Brief - Where the records below show a line containing "widi care máscara", start copying; end with the line containing "Jeu de runes", and copy it too.

Input for this task -
####
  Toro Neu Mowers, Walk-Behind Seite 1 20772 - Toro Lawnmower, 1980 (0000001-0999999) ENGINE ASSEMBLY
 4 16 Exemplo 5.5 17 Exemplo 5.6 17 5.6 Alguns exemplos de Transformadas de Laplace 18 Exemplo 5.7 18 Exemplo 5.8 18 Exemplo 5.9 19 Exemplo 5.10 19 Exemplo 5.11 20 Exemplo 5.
####
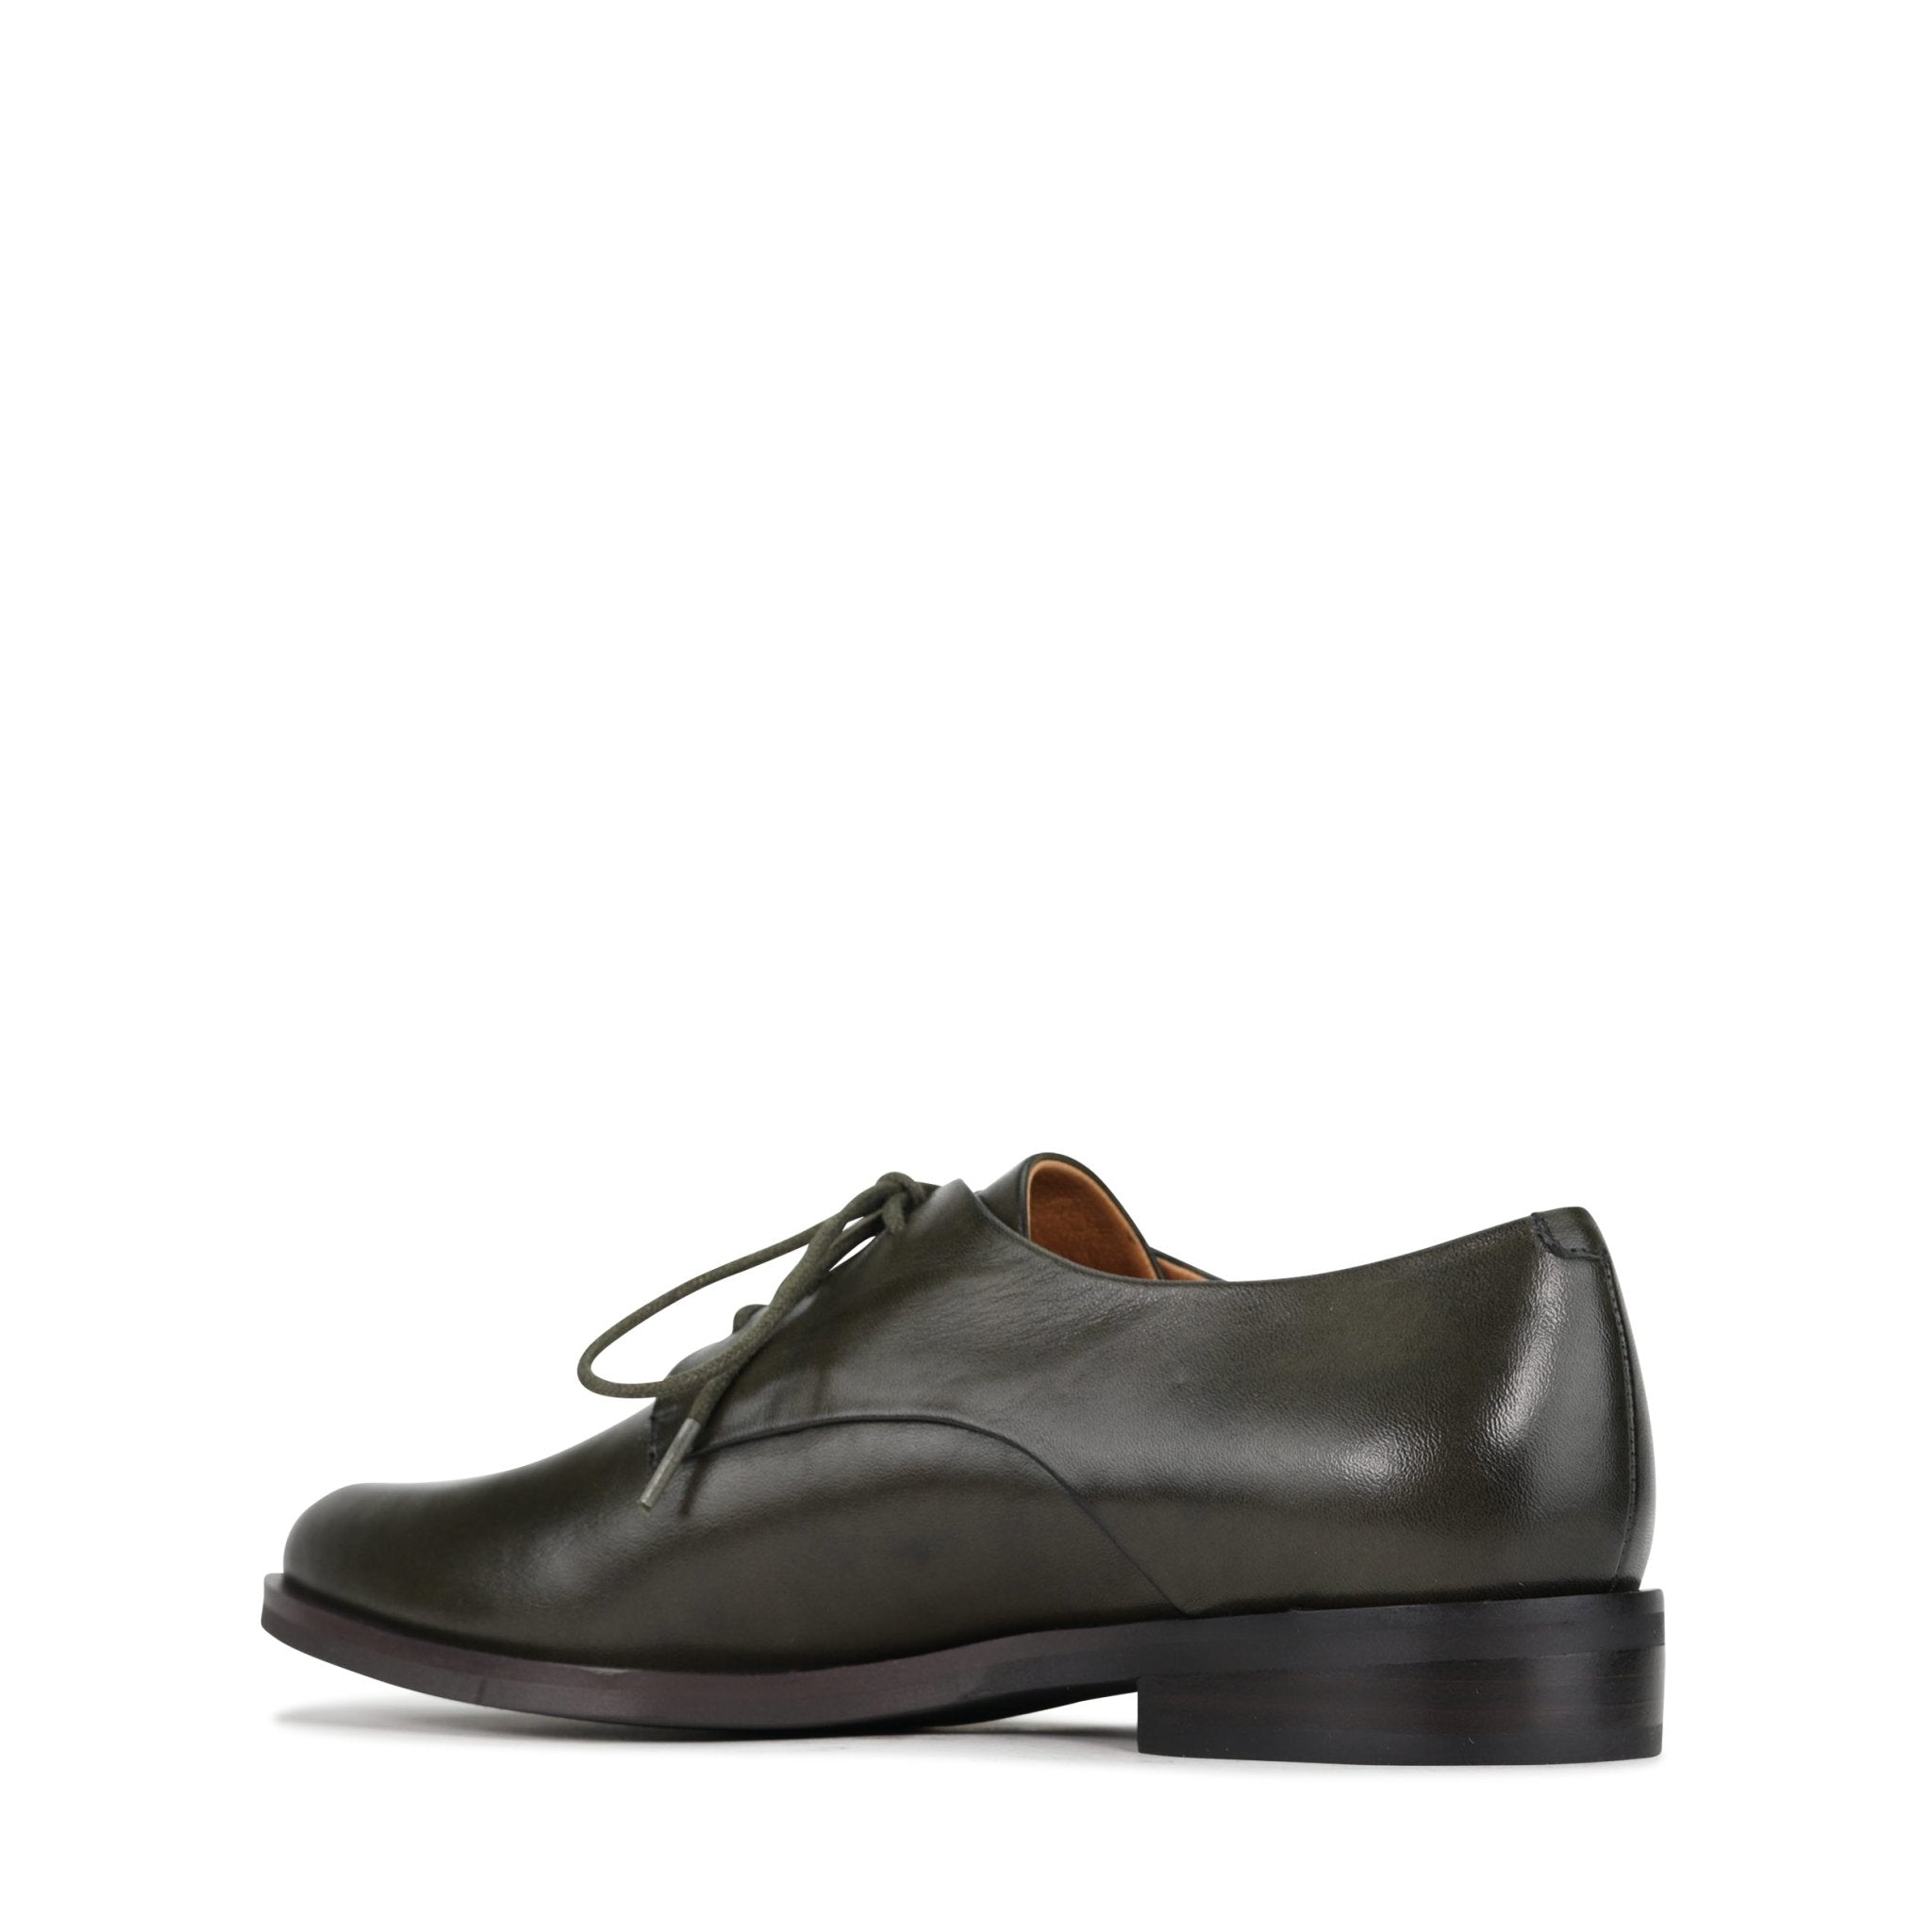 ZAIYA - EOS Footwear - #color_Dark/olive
####
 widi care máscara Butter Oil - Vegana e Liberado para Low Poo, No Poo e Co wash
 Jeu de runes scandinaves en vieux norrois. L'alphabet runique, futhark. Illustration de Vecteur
####
Task answer -
 widi care máscara Butter Oil - Vegana e Liberado para Low Poo, No Poo e Co wash
 Jeu de runes scandinaves en vieux norrois. L'alphabet runique, futhark. Illustration de Vecteur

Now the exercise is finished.